This type of advice and guidance is needed, because despite all the information that has already been produced, we still see that more help is needed. The DataSHIELD forum is a good place for seeking help. This is an example post where the user asks a short question, however there is no simple answer:
Another example is this email received by someone who had experience using DataSHIELD. It is asking how to get started with setting up DataSHIELD for a consortium:
“I am contacting you because we are thinking of using DataSHIELD for an XXXXXX funded project on XXXXXXXX and XXXXXXX. We are looking for someone with expertise in setting up the DataSHIELD with Opal who could give our IT team some advice. I spotted you as a contact for the XXXXXXXX platform and thought you might be able to direct me to someone with the technical expertise in setting things up. Also I would be interested in your experience with DataSHIELD and whether the effort involved in setting up is worthwhile for a smaller collaborative project as ours (we are a small consortium of about 5 case control studies). Any help or advice you can provide is highly welcome.”
The target of this wiki is to cover the technical issues, although there is inevitably some cross over into other areas. For example, some of the technical decisions influence the ethics and governance processes.
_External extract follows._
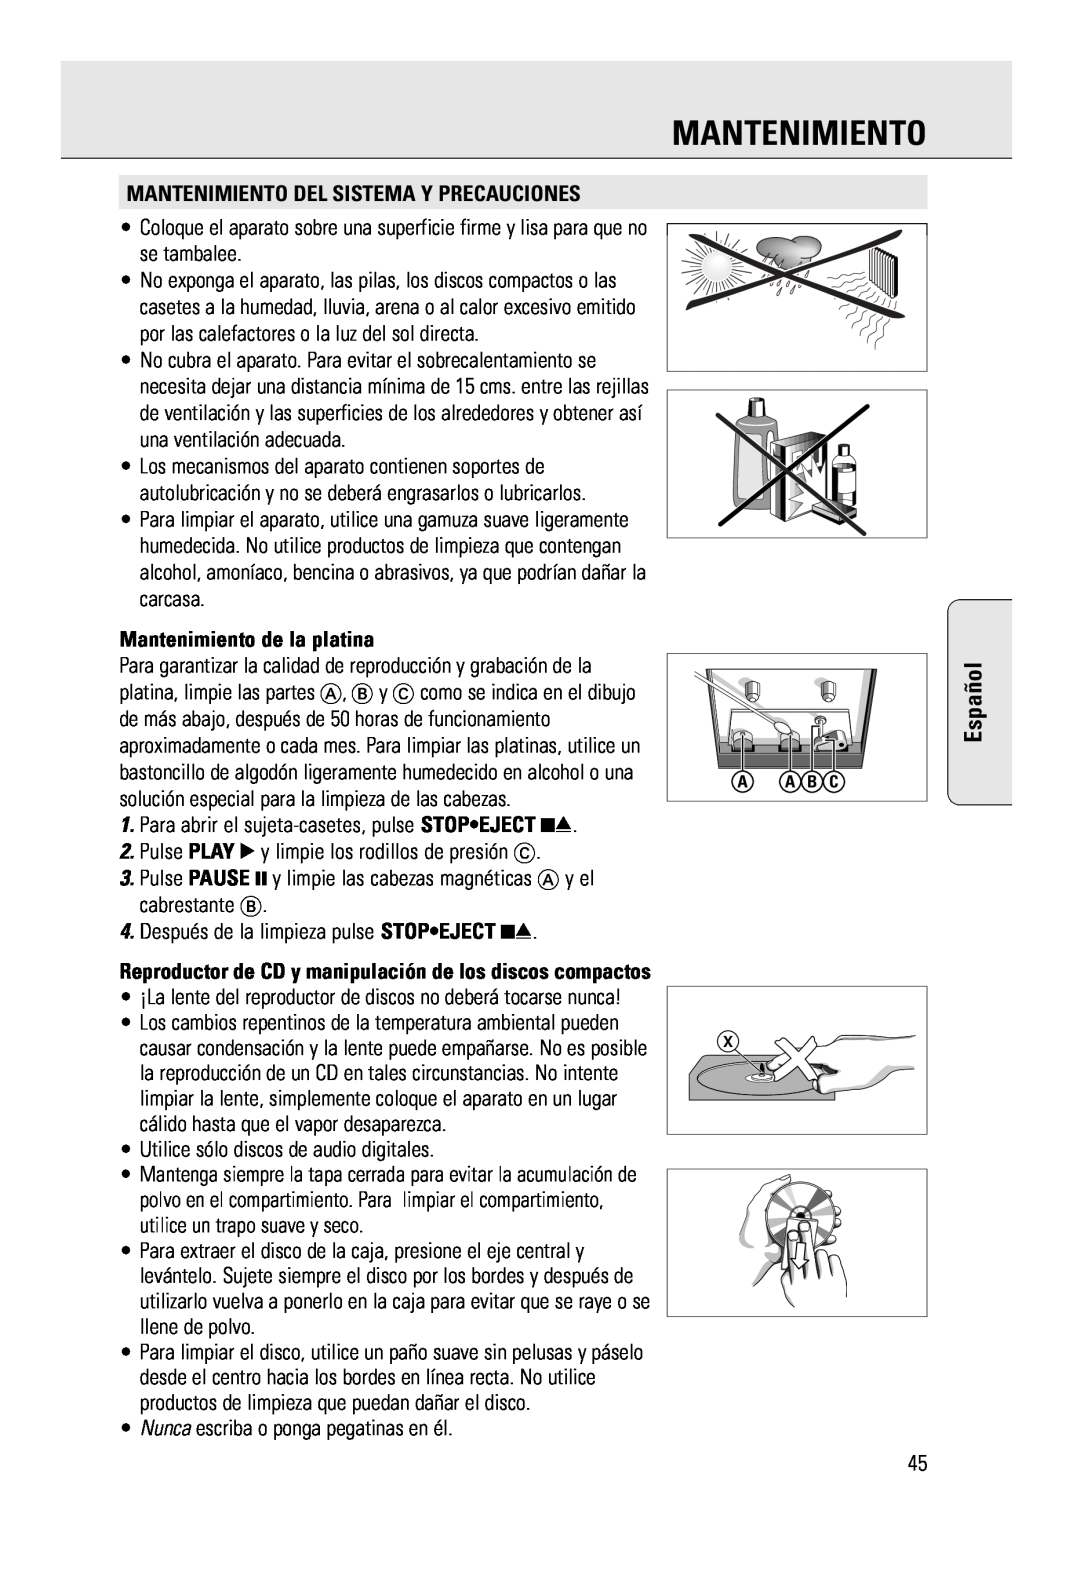 Philips AZ 2785 manual Español, Mantenimiento Del Sistema Y Precauciones, Mantenimiento de la platina 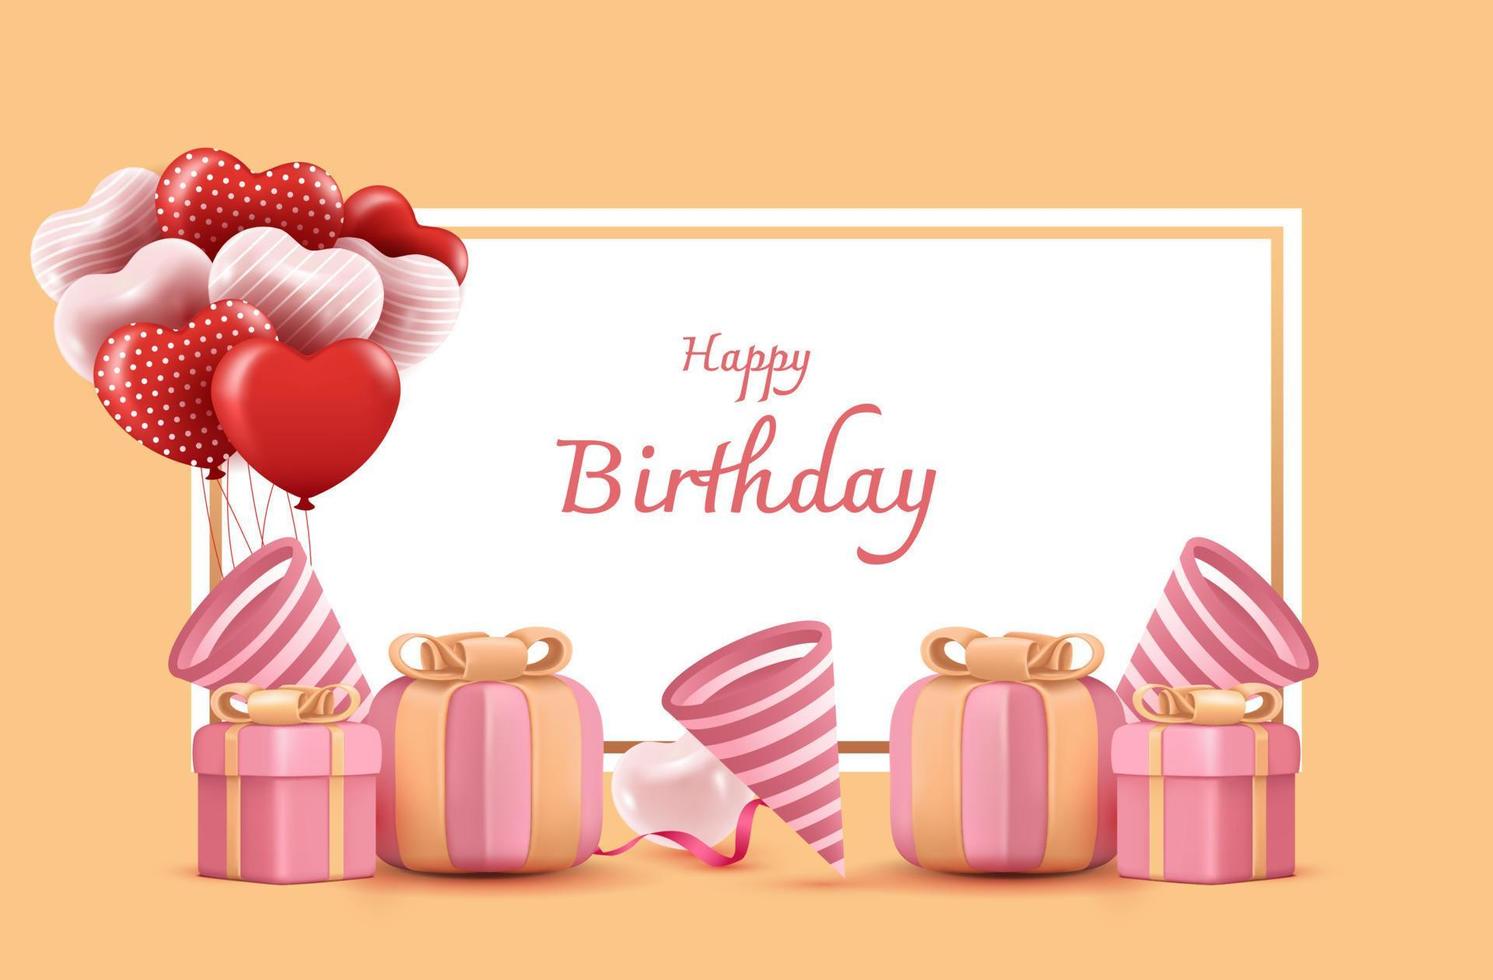 feliz aniversário vector design para cartões e pôster com balão, confete e caixa de presente, modelo de design para festa de aniversário.

Using a wiki as the format for this information was deliberate. While it might be more prestigious to write a peer reviewed paper, a wiki is a better medium to a signpost to other best practice, which is evolving all the time. At the moment it is not always possible to say that one particularly way of doing things is best, but hopefully we are moving in the right direction. All we can do here is highlight the options available and the experiences we know about.